I wasn’t so sure about Jamie by first impression. I had already heard he was a ‘sports elitist.’ On this day, he was between segments of his show with Wojo, killing time outside the studio. I was sitting down the hall at my desk, new to town and new to The Ticket. I forget why, but he made a remark to someone in the office about his lean physique, something thick with male bravado. You think this is an accident? CrossFit every day, dude. I can’t believe I ever thought he was serious. I laughed about it later, and I laugh about it now, because Jamie made us all laugh a lot.
It’s been a little more than four years since I moved here from Connecticut. I haven’t met another person as good as Jamie. I don’t suspect I will. The more time I spent around him, the more time I wished he had. The more I got to know him, the more I tried to be like him. He was a model for any guy like me, a trusted voice in sports, a friendly face to the city, the husband of a beautiful wife and the father of three bright-eyed kids who just wanted to be like their dad. You talk about goals.
How do you sum up Jamie? He was the guy whose friendship made you proud. He was like a stamp on your name, which left an imprint on your heart. You held your head a little higher knowing you were friends with Jamie Samuelsen – knowing he was friends with you. My family visited for Thanksgiving last year and I couldn’t wait to introduce them to people like Wojo and Hammer and Dan Miller. Most of all, I wanted my parents to meet Jamie. I wanted them to know I was doing alright.

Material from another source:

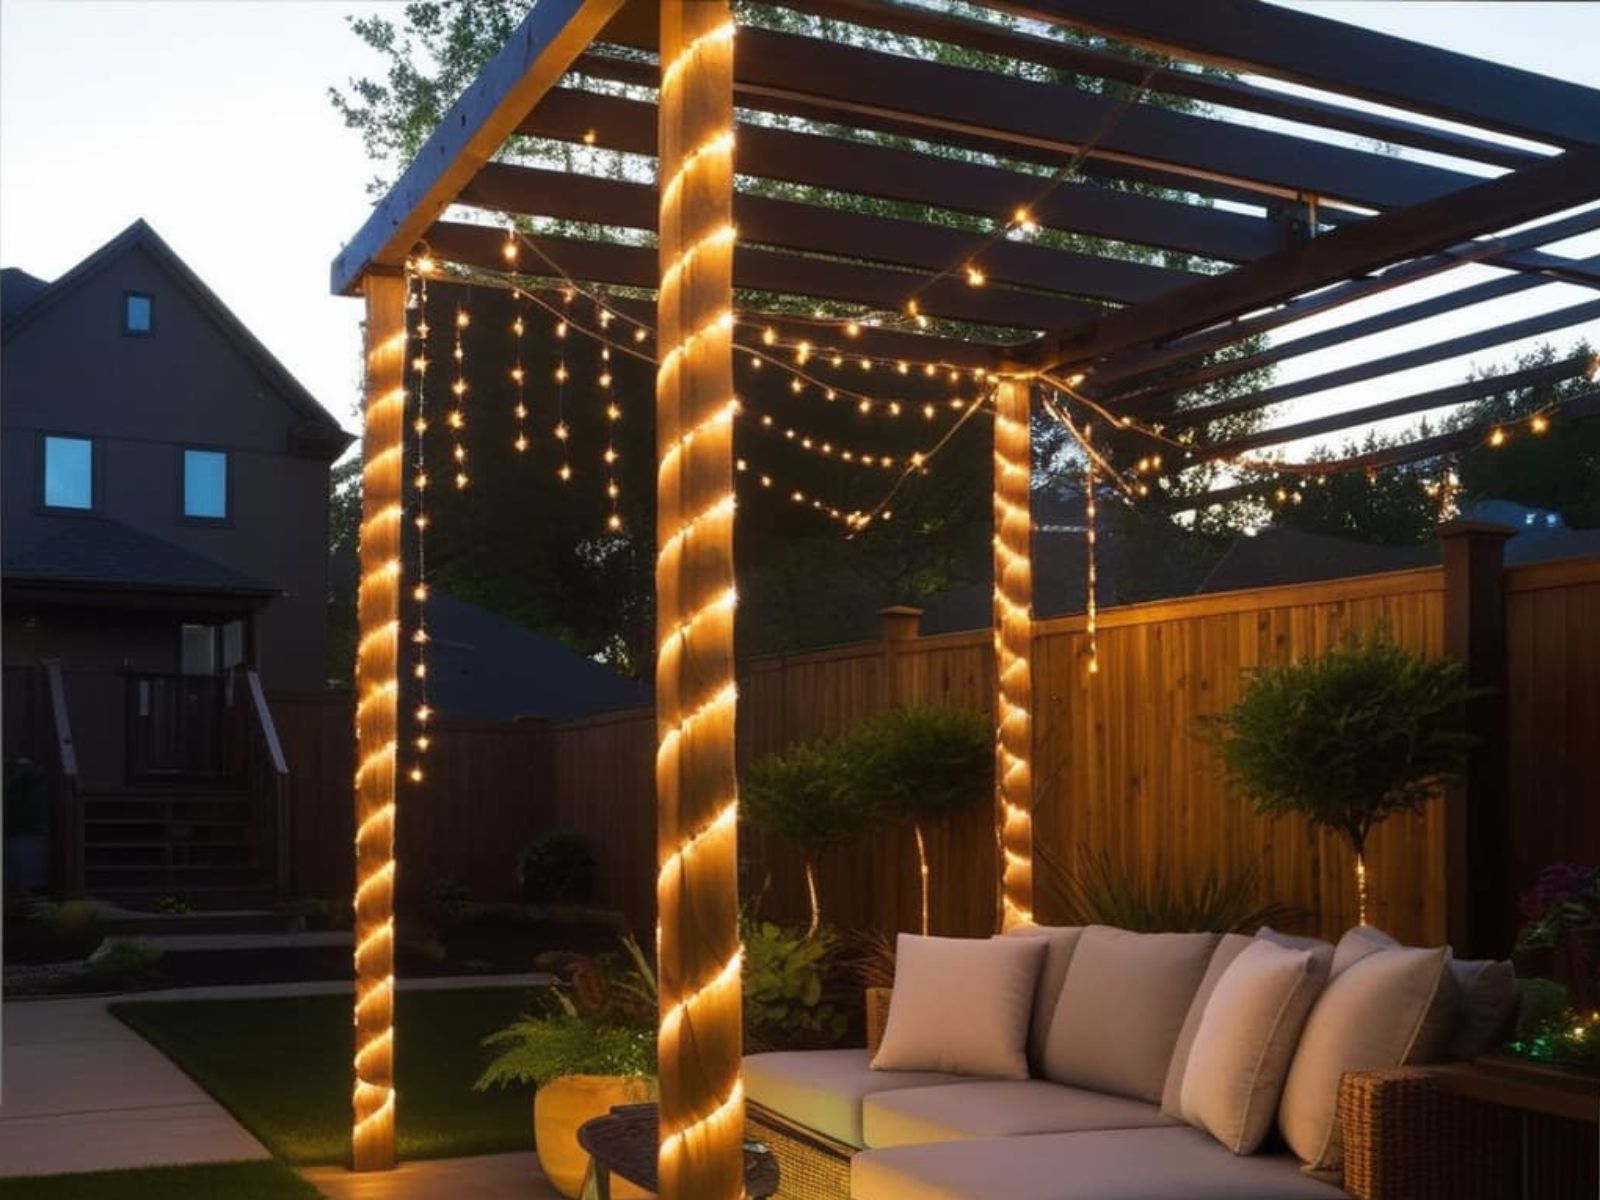 Rope lights wrapped around pillars of a pergola for landscaping

I called home with the news on Saturday night, and it shook a household 500 miles away. My older sister sent me a text a short while later. She said she remembers Jamie “at his happiest and very best on Thanksgiving morning watching his son make the game pick.” That would be Josh, who picked for his dad on the pregame show. Josh put his faith in David Blough and the Lions, because that’s what a good fan does. My sister is right. Jamie was beaming the whole time.

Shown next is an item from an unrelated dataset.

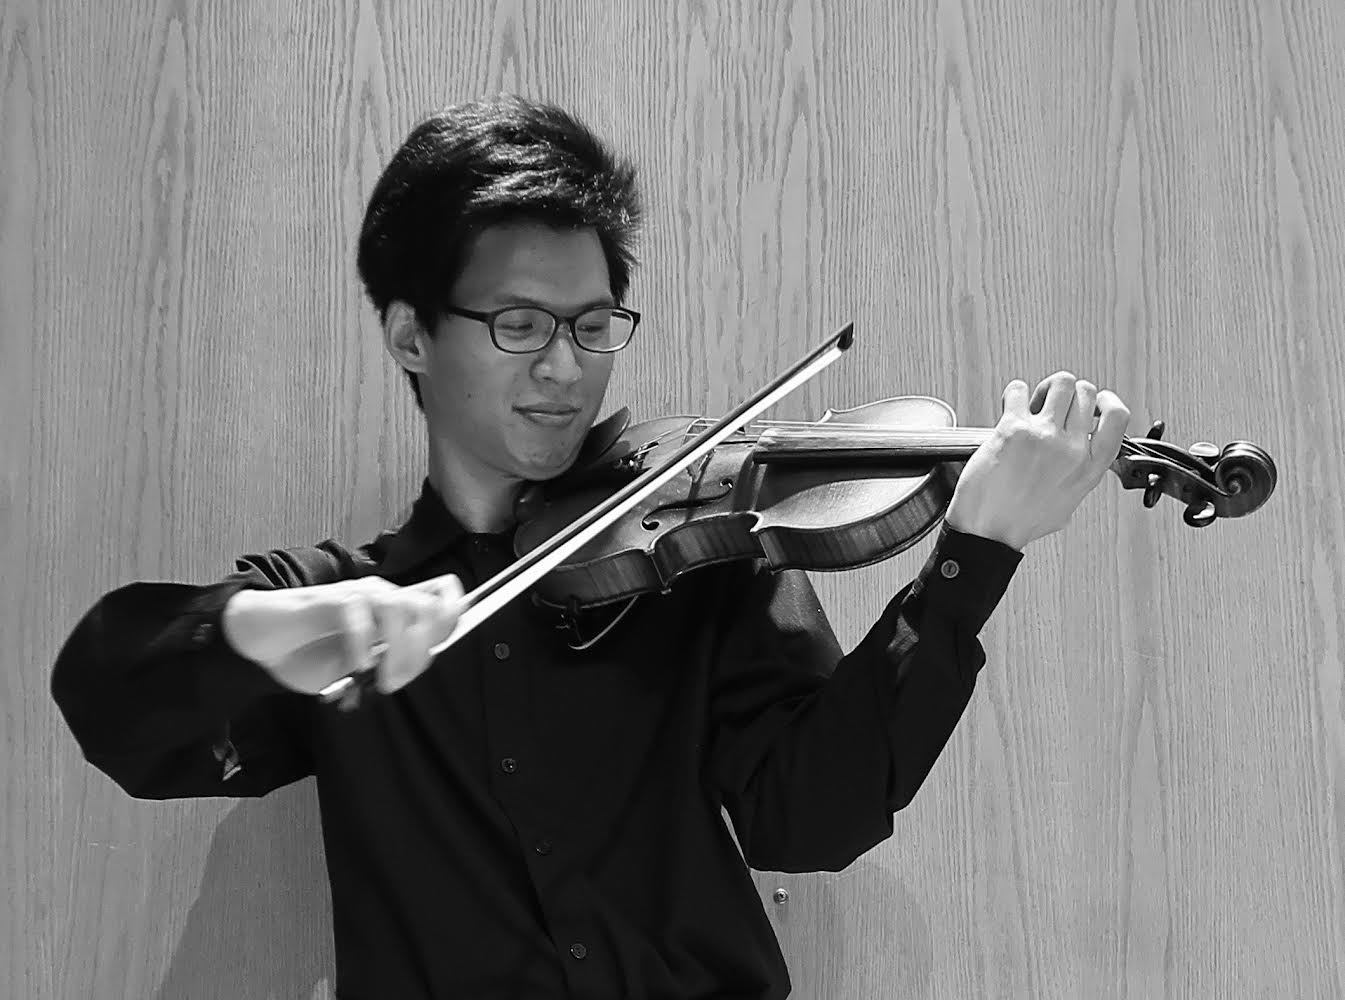 A black and white photo of a young Asian man holding a violin

Jamie wasn’t quite beaming when I saw him last. He was too worn down after a 19-month battle with cancer. But as a group of us sat and talked with him a few days before the end, he smiled an awful lot. His was a sly grin, full of mischief. He even laughed a few times, and boy was it a joy to make Jamie Samuelsen laugh. Maybe you know for yourself. On a text thread, in person, through the radio, it left you flattered every time. It made you walk a little lighter for the rest of the day.

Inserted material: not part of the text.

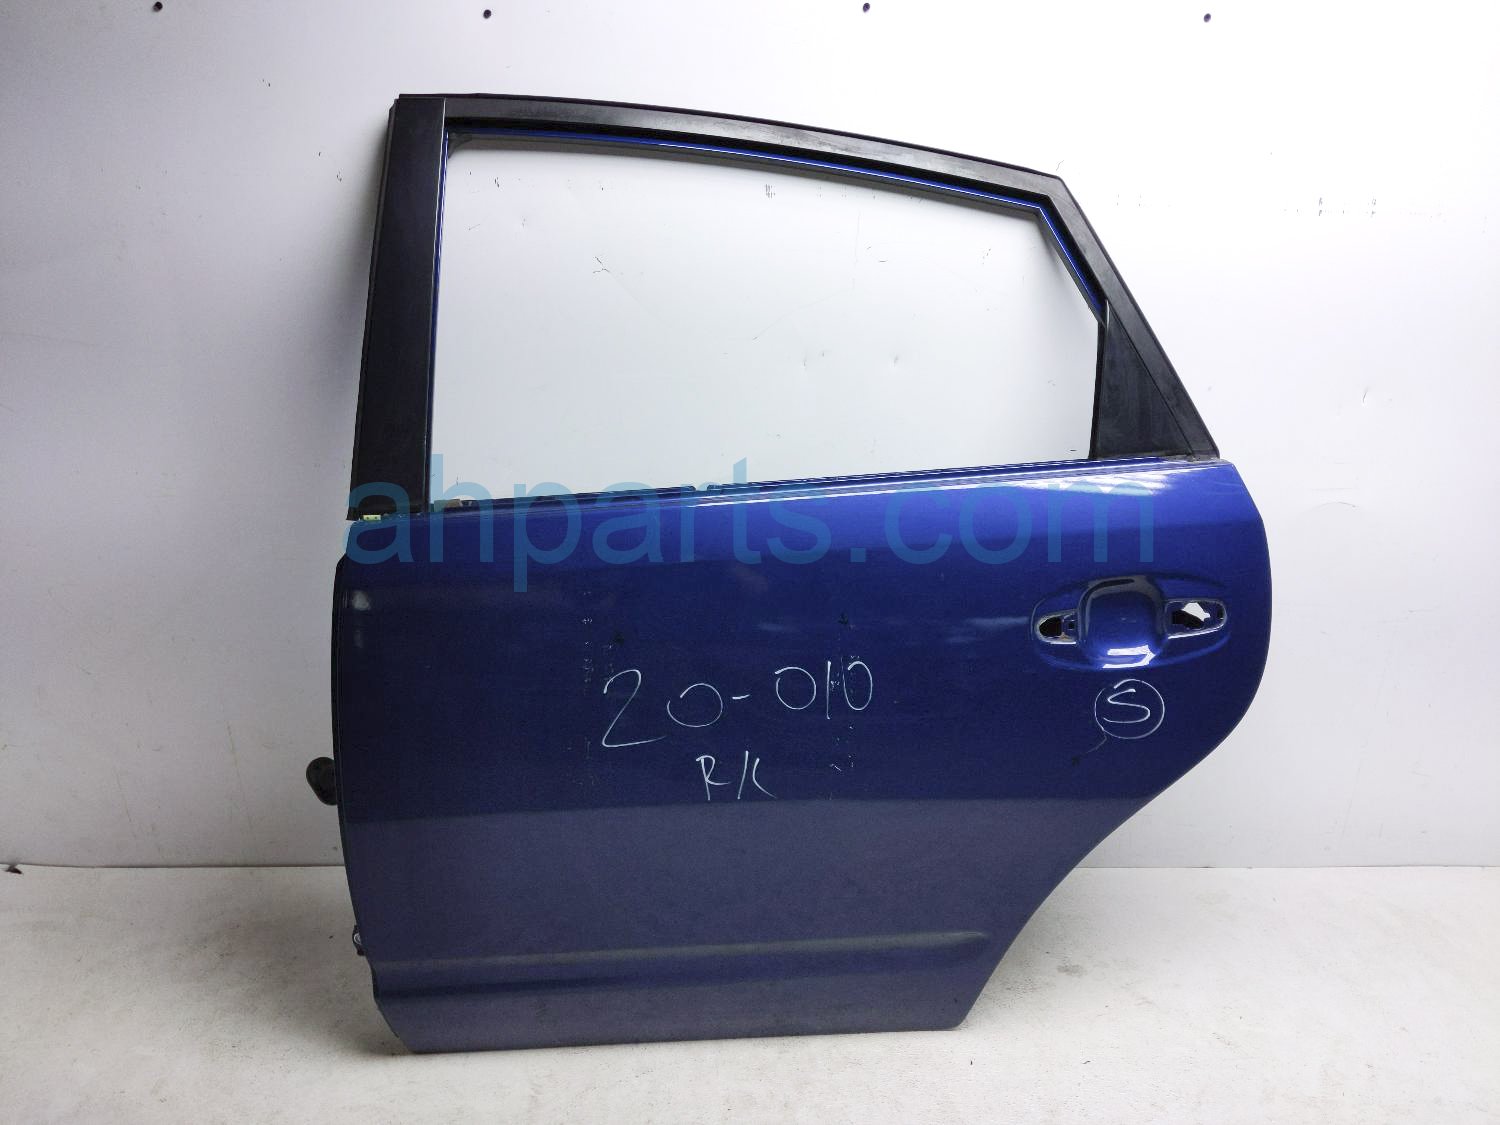 $195 Toyota RR/LH DOOR - BLUE - SHELL ONLY

That’s what Jamie did. He validated the people around him. He was so smart, so witty and so kind – and so down-to-earth real – that he was a standard for everything good. If he laughed at your joke, you thought you were funny. If he complimented your work, you thought you were smart. If he brought an 18-pack of Bud Light to your party because he knew that was your beer, you felt like The freaking Big Lebowksi. (Different from The Big Wojnowski. He brought Gus’ Fried Chicken.)
How do you sum up Jamie? He was the guy everyone looked up to. Everyone. Doug Karsch, a damn good dude himself, told me Saturday night he considered Jamie his barometer. Anytime Jamie endorsed something Karsch said on the radio, Karsch said he felt like it must have been great. Because Jamie said it was. Karsch turned 50 last year. Jamie was 48.
In an interview last week, Pistons coach Dwane Casey called Jamie a “legend on the radio scene here” in Detroit. You could call him an exception, too. His words echoed, yet he hardly ever raised his voice. For 25 years he spoke with measured purpose. In a statement released Sunday, Red Wings coach Jeff Blashill commended Jamie’s warmth, civility and integrity. “We need more of that today,” Blashill said. Don’t we ever.
The funny thing about the ‘elitist’ shtick is that Jamie was more grounded than maybe anyone I know. He had encyclopedic knowledge about sports – about everything, really – but never flaunted it for effect. He talked about complex topics in smart, simple terms. One time he caught me slipping the word ‘indubitable’ into a headline, entirely for show. We laughed, and then I changed it and felt indubitably better.
So how do you sum up Jamie? He was just easy to be around. He left you in a better place than he found you, every single time. He left us for good far too soon, and that will hurt for a long time yet. But this town’s better for having known him. I only wish I had known him longer.